Выбрать главу

Довольно тяжело сознавать, что доклад, предназначенный для слушаний, пишется, чтобы человек оставался под надзором, лишенный своих прав. Хотя решение о том, кого отпускать, а кого и дальше держать в больнице, принимают только консультанты, от меня требовалось описать, какую угрозу для жителей района может представлять пациентка, если выйдет по апелляции. Особенно неприятно то, что пациент тоже слышит, что про него говорят. Обычно именно на таких слушаниях оттачивают зубы начинающие адвокаты. В данный момент один такой практиковался на мне.

– Могу я обратить ваше внимание, – начал он, и я подумал, что мы переходим на территорию «Перри Мейсона», в то время как мне больше хотелось бы оставаться в рамках «Катастрофы».

Видите ли, встреться вы с мисс Николсон, вы бы тоже согласились, что ее нужно держать под замком. Она представляла риск как для окружающих, так и для себя самой. Бездомная, алкоголичка и наркоманка. Ее перепады настроения, спровоцированные психическим заболеванием, не раз приводили к попыткам самоубийства. Я считаю правильным, что решения докторов можно оспаривать, но в то же время уверен, что подобные спектакли не идут на пользу ни пациентам, ни врачам.

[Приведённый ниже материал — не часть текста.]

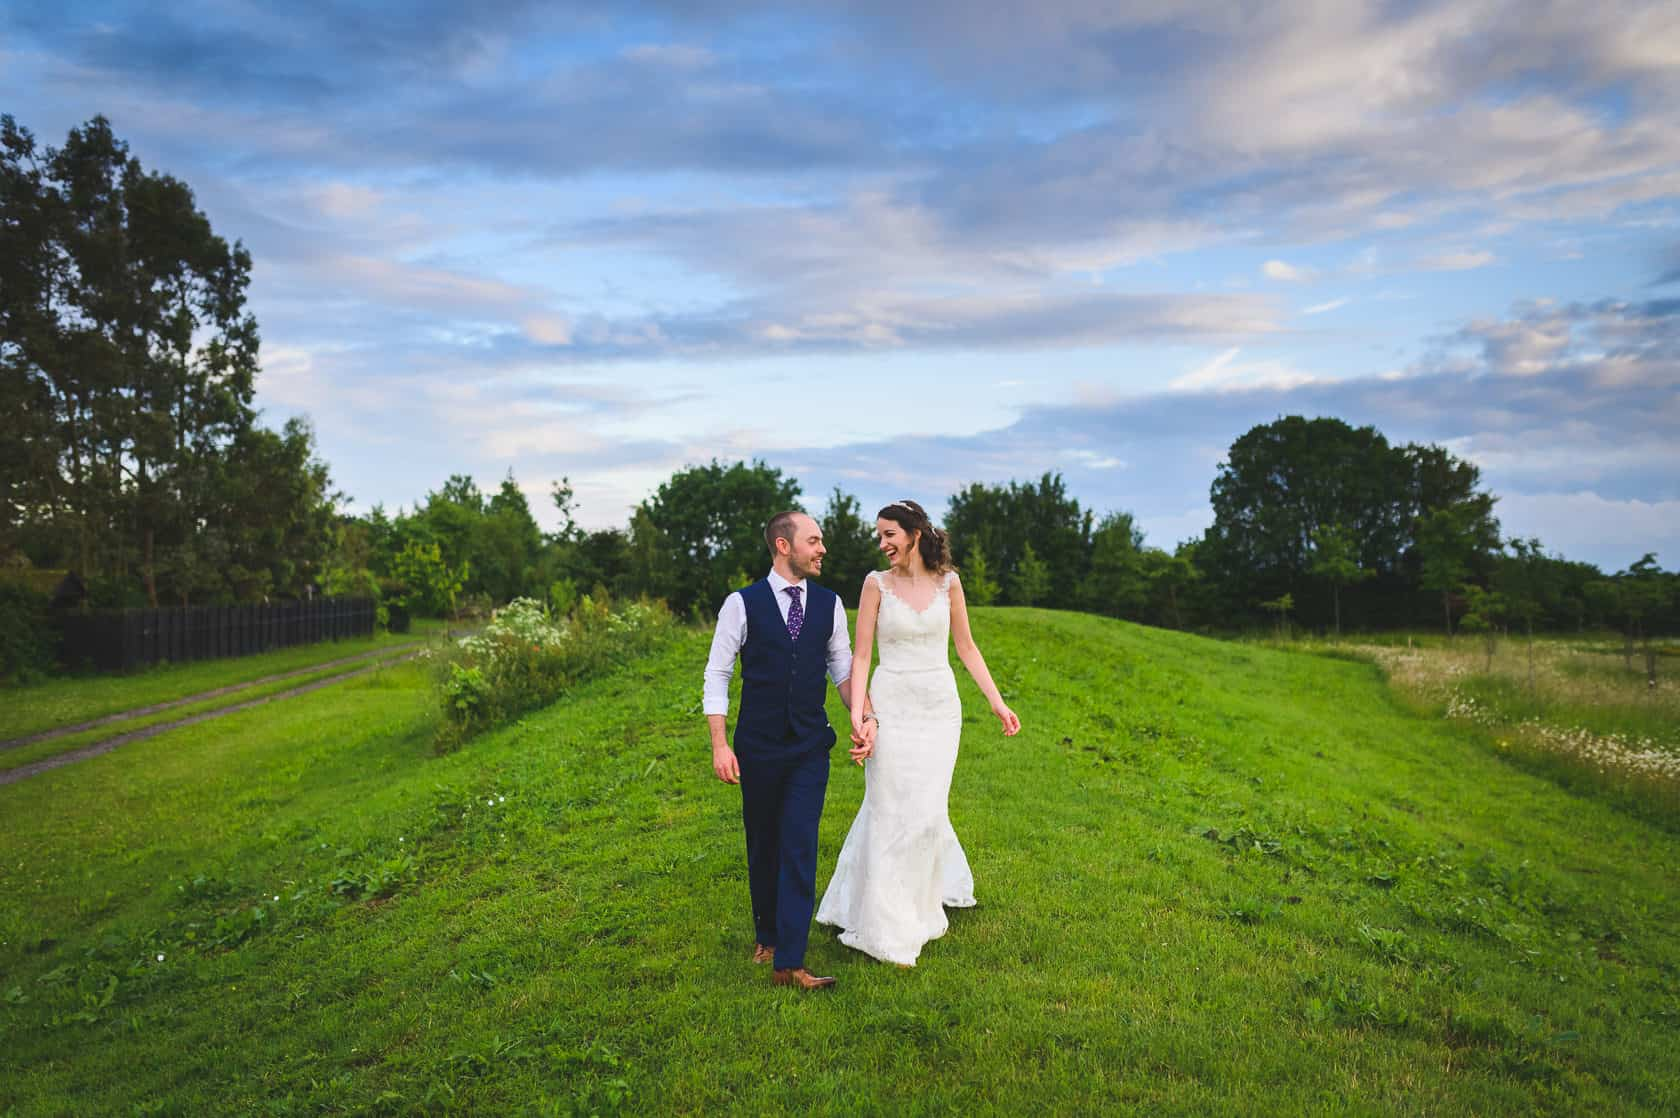 Best_Wedding_Photography_2019_Wedding-Photographer-Essex_021

Люди вроде мисс Николсон в период обострения считают себя совершенно здоровыми. Они не согласны с тем, что им требуется госпитализация, и не хотят принимать лекарства. Конечно, она больна. Конечно, ей надо оставаться в больнице, а раз она не хочет там лежать добровольно, то придется удерживать ее силой. Это знаю я, знают члены «трибунала», и, самое главное, ее адвокат. Но мне надо подниматься и читать вслух свой доклад под ее крики «ты, маленький говнюк, я еще до тебя доберусь», а потом подвергаться допросу Румполя-младшего, как будто я на скамье подсудимых. Я не сделал ничего плохого, разве что выбрал не ту работу. Все это – просто шоу, словно специально затеянное с тем расчетом, чтобы с таким трудом выстроенные отношения между мной и пациентом пошли прахом. В слушании объявляется перерыв; потом все возвращаются назад, и оглашается решение: мисс Николсон остается в больнице.

– Молодец, – хвалит меня адвокат, выходя из зала, как будто у нас с ним было соревнование, и я победил. Все поднимаются со своих мест и выходят следом за адвокатом, оставив медперсонал и меня в том числе самостоятельно справляться с последствиями. И никто, уж тем более мисс Николсон, не говорит нам «спасибо».

С мистером Оллсопом возникла проблема: несмотря на высокие дозы лекарств, он все еще считает себя Богом. Рассевшиеся кружком специалисты понимающе кивают. Арт-терапевт показывает нам его рисунки, которые считает «многообещающими». Что именно они обещают, мне не совсем понятно: на всех изображены человечки, горящие в аду, но я решаю поверить ей на слово. Все сходятся на том, что мистер Оллсоп делает большие успехи, что ему гораздо лучше и проповедует он уже не так рьяно. Однако он пребывает в своих заблуждениях, а доктор Уитфилд (невероятно!) говорит о выписке.

– Но он не вылечился! – возражаю я.

Руби, которая собирается стать хирургом, работает сейчас в травме и ортопедии. Сложно себе представить, что она закончит беседу с пациентом заключением типа «конечно, заменить вам полностью тазобедренный сустав мы не смогли, но вам ведь стало легче, да и хромаете вы просто отлично».

Доктор Уитфилд обескураживающе пронзил меня своим острым профессиональным взглядом. Я всегда старался держаться с ним осторожнее из опасения выдать какие-нибудь свои темные неосознанные тайны, скрестив ноги или сделав еще что-нибудь в таком роде. Он сделал глубокий вдох и медленно выдохнул.

– Зачем мне лишать его иллюзий? Они – единственное, что у него есть, – с улыбкой произнес доктор.